1. Scope of the Audit

The audit focused on the following SHIBA INU contract:

1.1 Excluded

The schedule correctness of token distribution was excluded from the audit.

2. Audit Findings

Our audit reported a total of 1 finding(s), categorized as follows:

  • 0 high-severity issue(s).
  • 0 medium severity issue(s).
  • 1 low-severity issue(s).

In addition to these findings, our audit identified 1 additional points, detailed in the following sections:

  • 1 note(s).
  • 0 owner privilege(s).

No critical security issues were found.

2.1 Known Vulnerabilities of ERC-20 Token

Severity: Low.


The contract lacks a transaction handling mechanism. WARNING! This common vulnerability has already led to significant financial losses. For a comprehensive understanding of this issue, click here.  

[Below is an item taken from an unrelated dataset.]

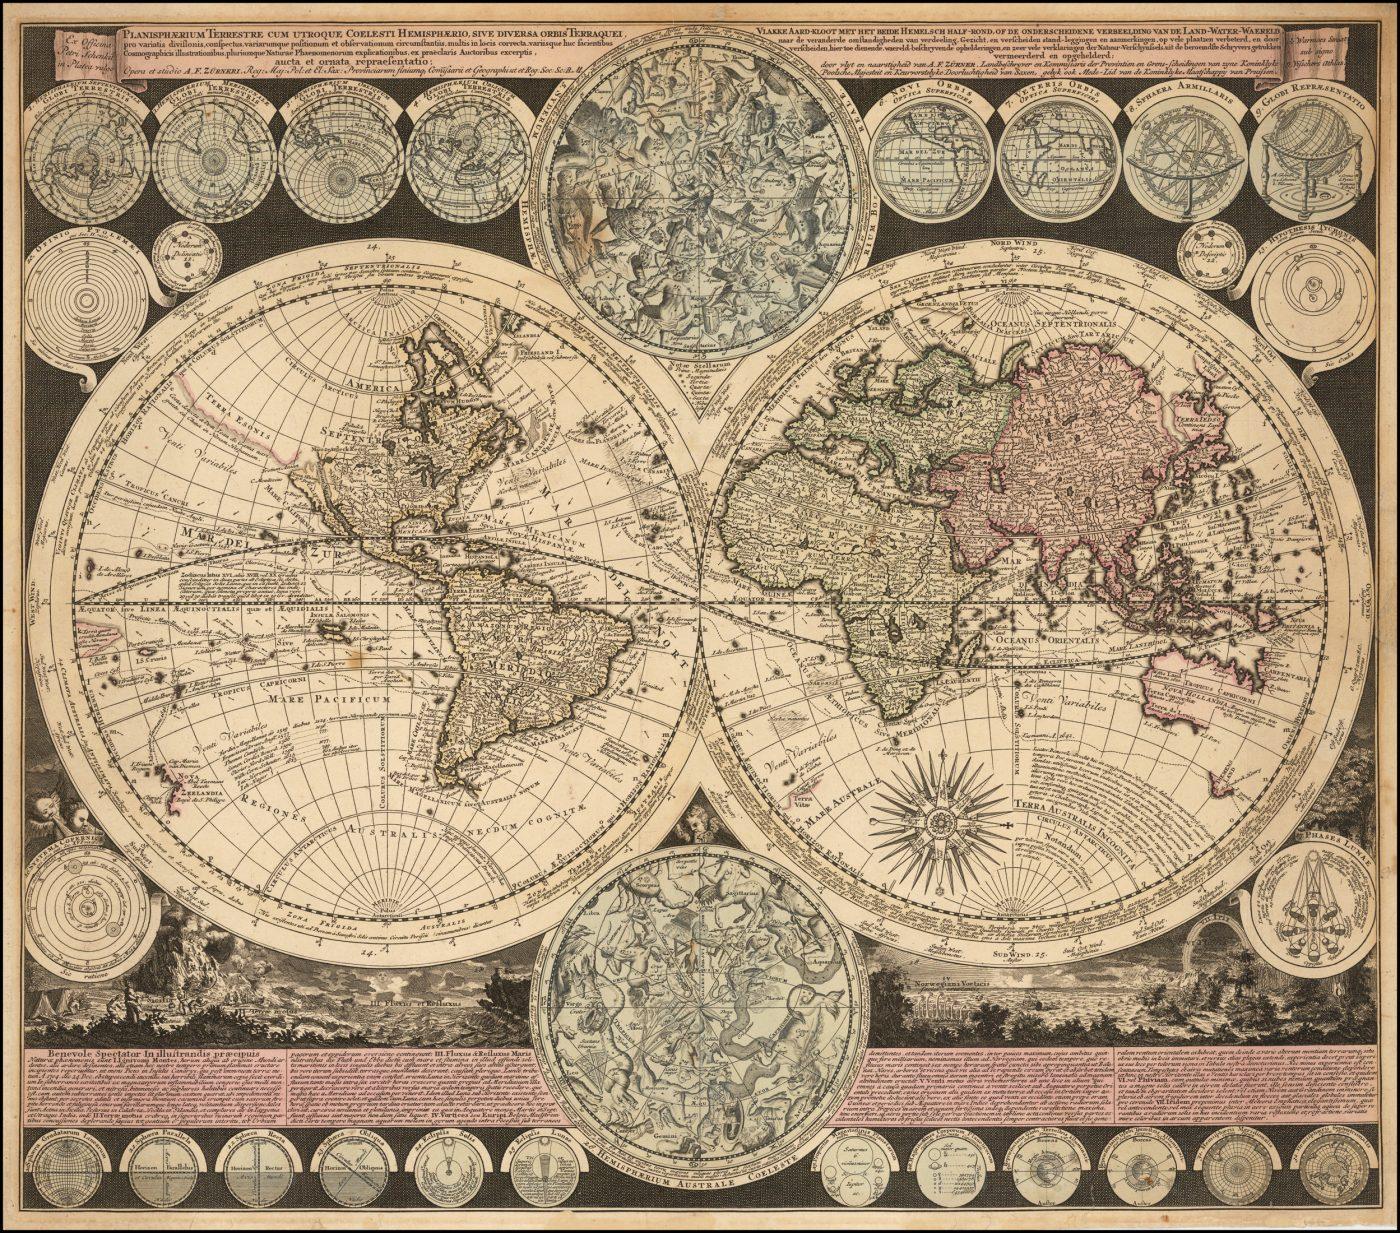 Сложная и информативная двухполушарная карта мира Адама Фрейдриха Цюрнера

Add the following code to the transfer(_to address, ...) function:

require( _to != address(this) );

2.2 allDepositIds is not necessary

Severity: Note.


The allDepositIds array contains a sequence of id from 1 to depositId. So all deposits Ids are below or equal to depositId.

3. Security Practices

Open-Source Contract: The contract's source code should be accessible for public scrutiny.

❌ Bug Bounty Program: Initiating a bug bounty program post-audit for comprehensive security validation is recommended.

❌ Public testing: The contract should undergo public testing to detect unforeseen bugs or issues.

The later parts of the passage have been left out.